Dhukka (and Julia) - thanks for your fears but you need not worry. The reason I continue to hold a small amount of ANZ shares is for the same reason I bought them to start with - to get a discount on my Margin Loan. Nothing else really. Not emotional love.

Like everyone here I am disappointed with the banks disclosure on the US writedowns (not just the lack of, but what seems to me to have been misleading or simply lies). I cant see how they can justify this and perhaps there is grounds for a class action.

I sold my other Big 4 holding - WBC - at $26.50 for a capital profit about 6 months ago when the credit crunch was becoming more obvious. Dhukka after you bagged BBI - it went up! and I sold for a profit (no love lost lol). So perhaps it was you whom made the mistake in not reading the market correctly? (Julia I sold GTP for a capital profit, not as big as I would have liked though. Do you hold any banks Julia?).

The thing is Dhukka - I guess you would have told someone not to buy BBI at 60c, given your opinion of this stock? Now they are 90c. For a trader this would have been a killing. I guess what I am trying to say is that anyone can say they were wise after the fact. Anyone can bag things after a situation or news develops and especially in a bear market. (BBI has no refinancing in the near future, perhaps why the SP is recovering strongly as 'panic and fear' is subsiding to more rational trading).

The thing to note is that the market is not always rational (especially in Bull / Bear / Dot com / Uranium / Credit Crunch markets) - despite you often having good fundamental observations.

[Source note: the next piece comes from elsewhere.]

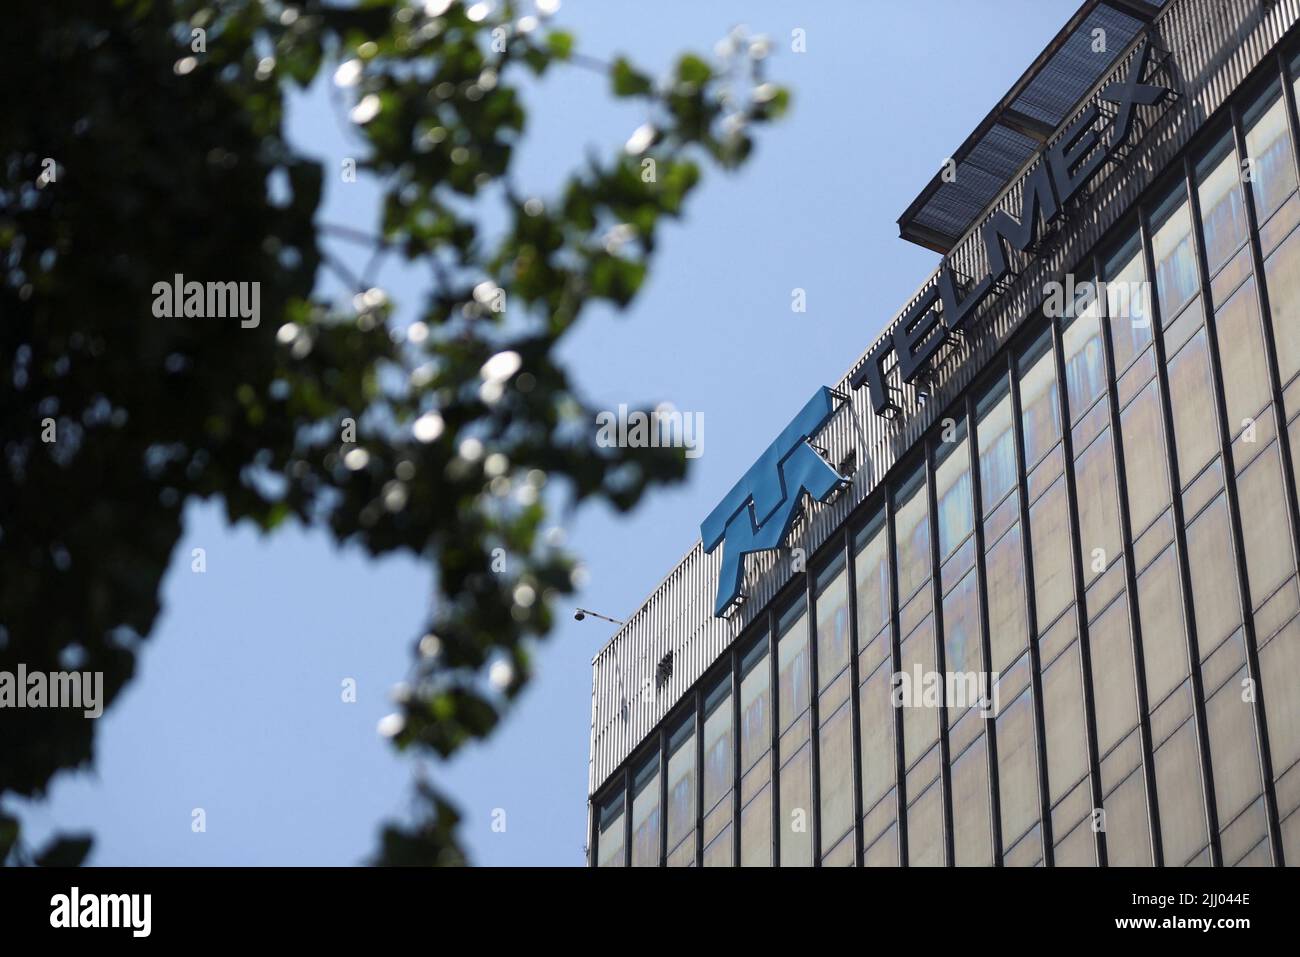 Una vista muestra las oficinas centrales de Telmex, cuando el sindicato de la empresa se declaró en huelga después de no llegar a un acuerdo con la empresa sobre un nuevo convenio colectivo laboral, en Ciudad de México, México, el 21 de julio de 2022. REUTERS/Edgard Garrido Foto de stock

Sometimes a trader trades purely on technicals, market mood, sometimes over selling, sometimes reaction to some specific news, and sometimes on fundamentals. Best is a wholistic combination to calculate a trade. Perhaps why I made profit on BBI trades when it was all doom and gloom as far as you were concered.

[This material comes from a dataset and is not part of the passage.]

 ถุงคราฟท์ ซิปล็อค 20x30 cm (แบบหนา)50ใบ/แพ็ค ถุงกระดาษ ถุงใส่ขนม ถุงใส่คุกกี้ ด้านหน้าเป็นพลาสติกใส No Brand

Anyway back to the topic and less about me. ANZ is strongly pushing growth into Asia (yes they got greedy with US subprime). Is there anything other than the current news out that makes you think ANZ will hit $10? Do you think it is their domestic exposure or their US exposure that will cause this? Do you disagree that Australian banks are not profitable? Given that domestic housing price demand is still high and that the banks cover their asses significantly with LMI, I am not convinced that this will cause much of a contribution to domestic concerns. My 2c.

Nicks, you are willing to hold ANZ and accept a capital loss in order to gain a discount on your margin loan. Gee, I wonder what your next great idea is??
 
What stocks do you hold then Dhukka? And just to clarify, are you saying ANZ is a dog?
I own just 2 stocks, you can see what I hold on my blog and how they've done. I record what I do as I do it.

ANZ is now back at prices that it was in 2001. Is that not a dog of a performance? I believe, maybe wrongly, that the headwinds facing ANZ and other financials over the next couple of years will mean that they will continue to have dog like performance for a while yet.

Just to be clear, I'm sure you'll be able to point out in the coming months times when the stock rallies and you could have made profits by trading it and that I was wrong. However as an 'investor' that doesn't really interest me.
 
Dhukka - Sorry didnt read all your quotes. Hope you didnt spend too much time digging it all up.

Interesting that I got 2 comments on my blog yesterday. I say interesting because I rarely get more than 1 per fortnight. However the author was fairly unoriginal leaving the exact same comment on both posts. Here is the direct quote:

All doom and gloom. I'll laugh at you when things pick up. Hey - according to you - the whole world will stop!!!! You dont know jack. I bet you wont even show this comment.

The comments are even more interesting given the course of this thread over the past 24 hours. So I can only conclude Nicks that 1) you did read all my quotes and 2) they were accurate enough to make you post childish remarks on my blog.